I think I understand that now.
He wasn’t trying to hurt me, even if he did. He was trying to apologize to me for what he thought of as his failure to be my dad.
I forgive him for that, even though there’s nothing to forgive.
Now it’s down to learning to forgive myself.
A CALL TO ACTION
Writing is how I make my living. At this moment in my life, it’s the only way I make my living. And that means I have to thank you—because you, the reader, are a beloved part of this with me. If you are buying my books or paying for a Substack subscription, I am very grateful. If not, I hope you’ll consider it. You can join my paid Substack, or buy one or several of my books (kevintumlinson.com/books), or just go tell your friends and family about all of this.
Thank you, and God bless you.
Thank you for sharing this, Kevin.
It parallels the relationship I had with my father.
He was a tough, hardworking blue-collar man. I started out blue-collar but left it behind as fast as I could. I respect the heck out of the blue-collar working community. They’re indispensable. They keep this country going. However, it wasn't for me. I wanted to do other things.
Although my Dad was an avid reader, he never saw the point in pursuing any sort of creative endeavor for a living.
We were not close for most of my life., as we had little in common other than he was my Dad, and I his son. It was only after I became a father myself that we grew a little closer.
Never comfortable with displaying emotion, Dad never hugged me or told me he loved me after the age of 10, but in his own way, he always showed he cared.
I learned from Dad. With my own kids, now in their 30s, I keep in touch with them, hug them and tell them I love them – always.
In 2015, I got the call that my Dad lay in a hospice bed, on pain meds for cancer. Things were happening fast. I dropped everything. My son and I hopped in my car that same day and drove from New Hampshire to Florida non-stop.

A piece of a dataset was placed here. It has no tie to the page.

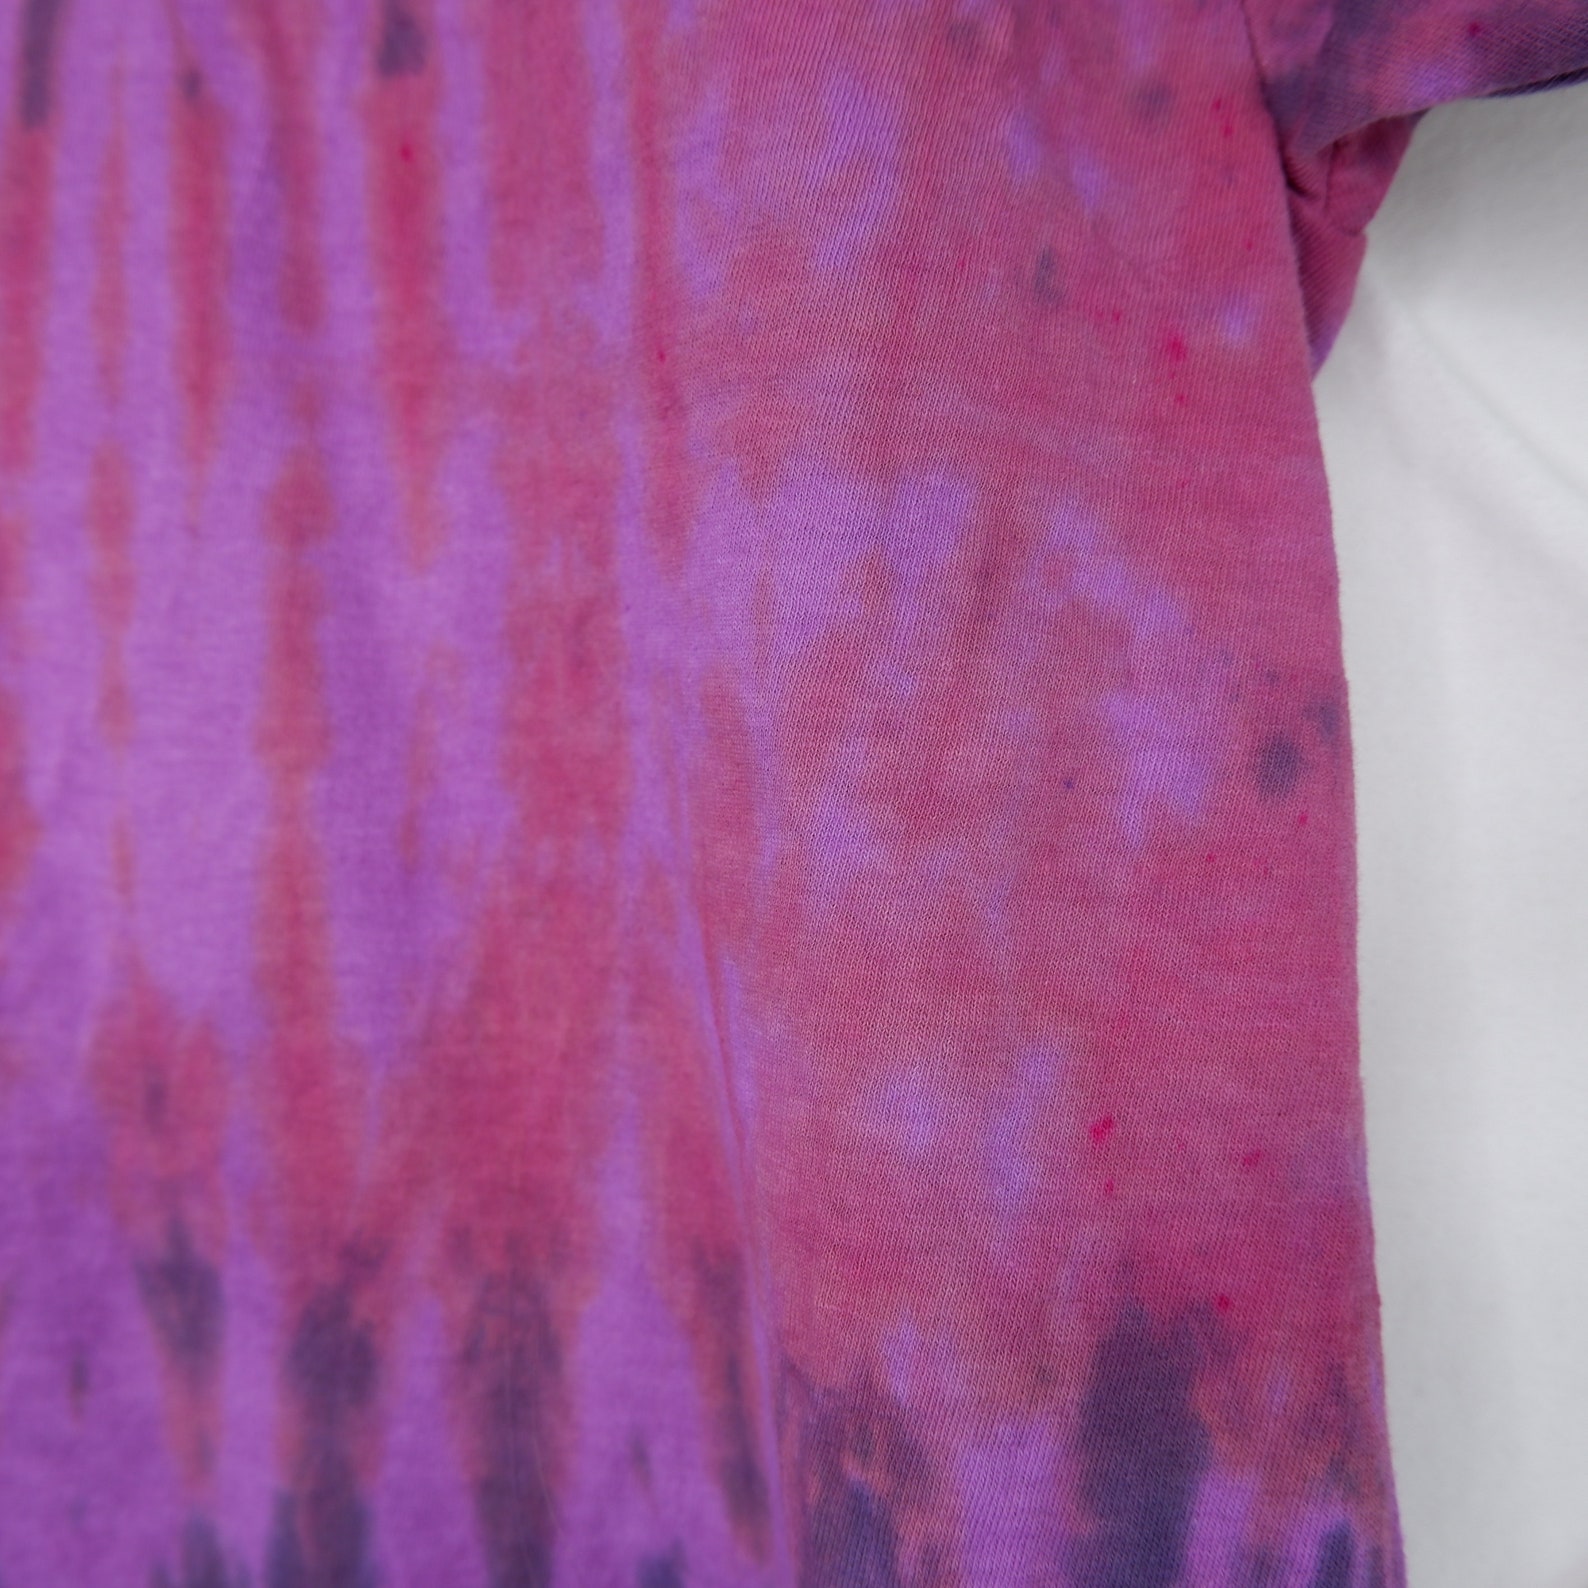 Pink & Purple TIE DYE Unique Unisex Tie Dye T-shirt Medium 100% Cotton ...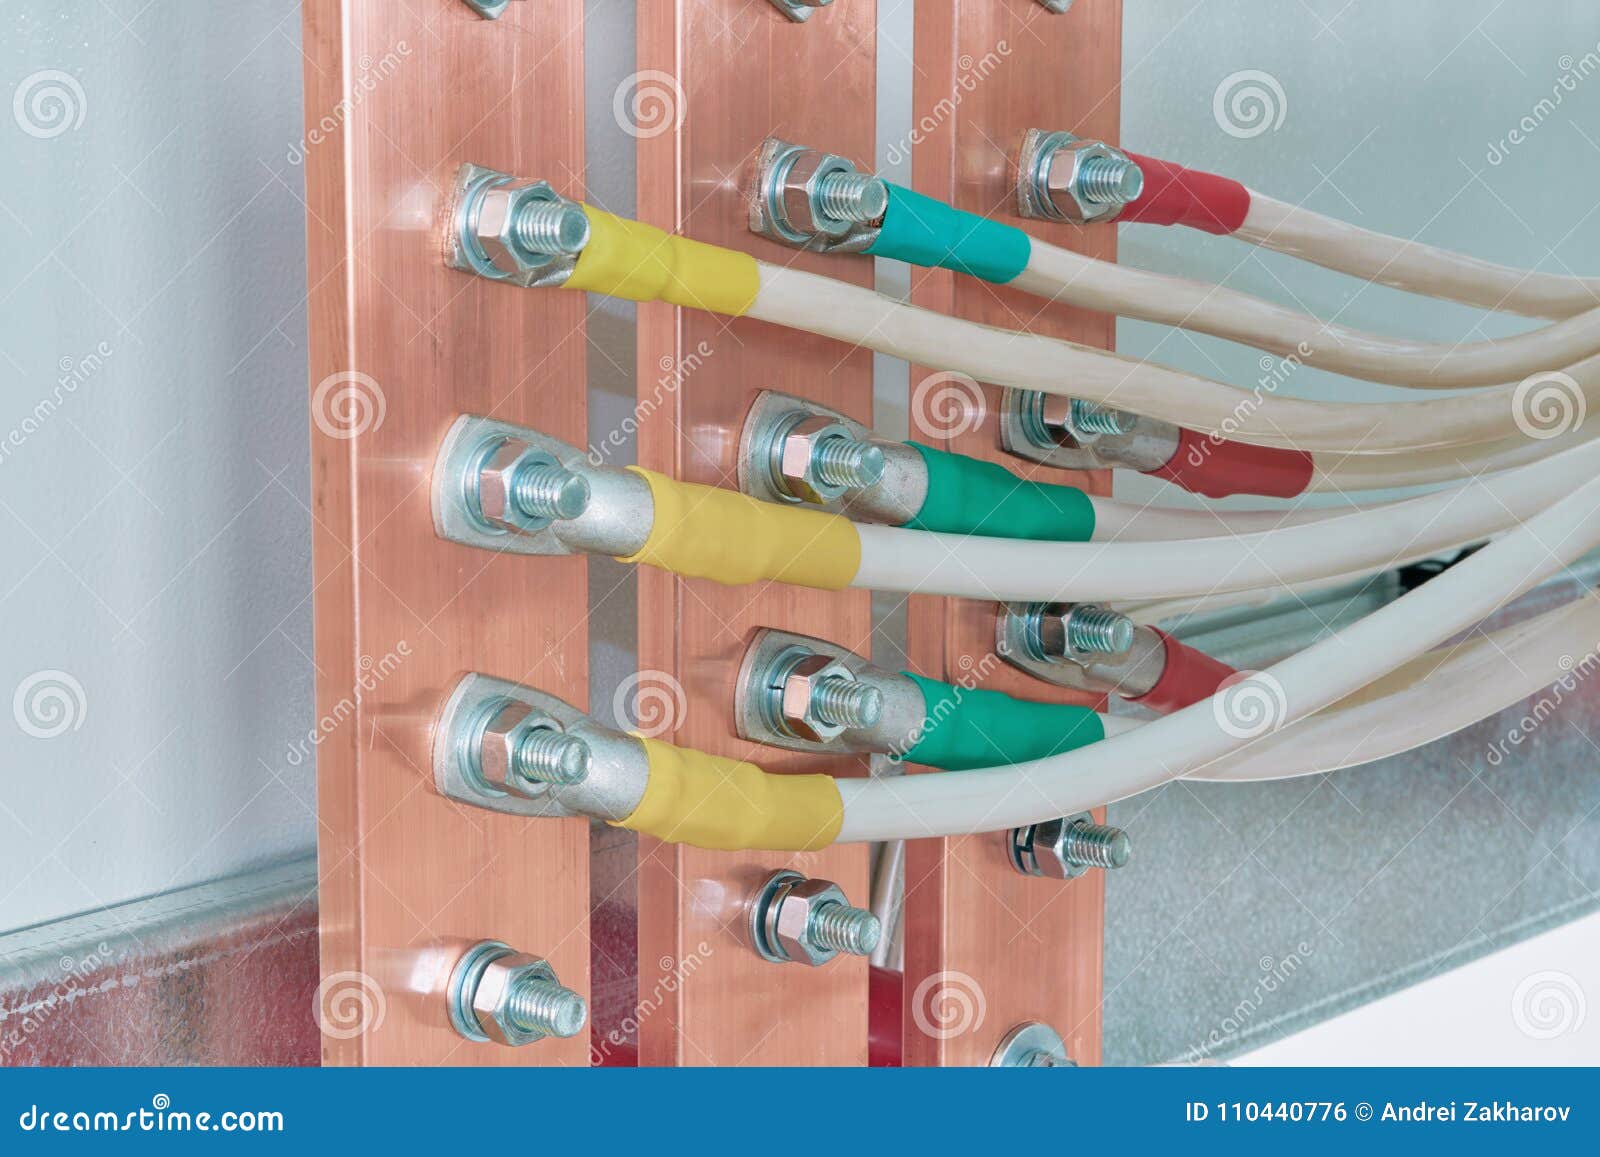 las-barras-de-distribuci%C3%B3n-el%C3%A9ctricas-conectaron-con-%C3%A9l-por-los-alambres-o-cables-110440776.jpg

We met my Mom and my sister at the hospice. They took me to Dad’s room. He couldn’t move, couldn’t open his eyes. I took hold of his once calloused and powerful, now soft and limp, hand and held it firmly. I leaned in and told Dad I was there. He squeezed my hand to let me know he heard me.
Before I took my mother home so she could rest for a bit, I again took my father’s hand, leaned in and told him, “I love you Dad, and I am damn proud to be your son.”
It surprised me how hard he squeezed my hand, and then I noticed tears streaming from his closed eyes. I kissed his forehead and said goodbye.
At 2AM my sister called to tell us Dad was gone. It was my birthday, four days before Christmas. Dad told me he loved me in his own way.
As a boy who lost his “real dad” when I was 8 & he was 32(sudden heart attack), and then had a step dad for a few years who was an angry raging alcoholic who beat my sister and was abusive to my mom & I, this really resonated with me. My “real dad” was perfect in my memory. Fishing trips at 3 am, camping and being terrified as the bear sniffed around our camper. Watching him die and running to get a glass of water to splash in his face so he would wake up. Graduating a week after my 16th birthday and a week later telling my stepdad I didn’t appreciate him showing up drunk. Never saw him again. My mom said “we are moving to Canada to live with Grama and Grampa”. And me replying “maybe you are, but I’m not”. And suddenly facing life on life’s terms at 17. It was a sharp learning curve but I am a better man for it. My sons have grown up knowing and loving one dad, & one mom all their lives and living in the same town for all their education. My youngest son is now a great dad to three daughters(“dad, what do I do now, I’m living with four woman and I don’t know anything about women”. Relax son, no one else does either”).
Thanks so much for sharing part of your life that is reflected in your writing by the strong love relationships your protagonists have.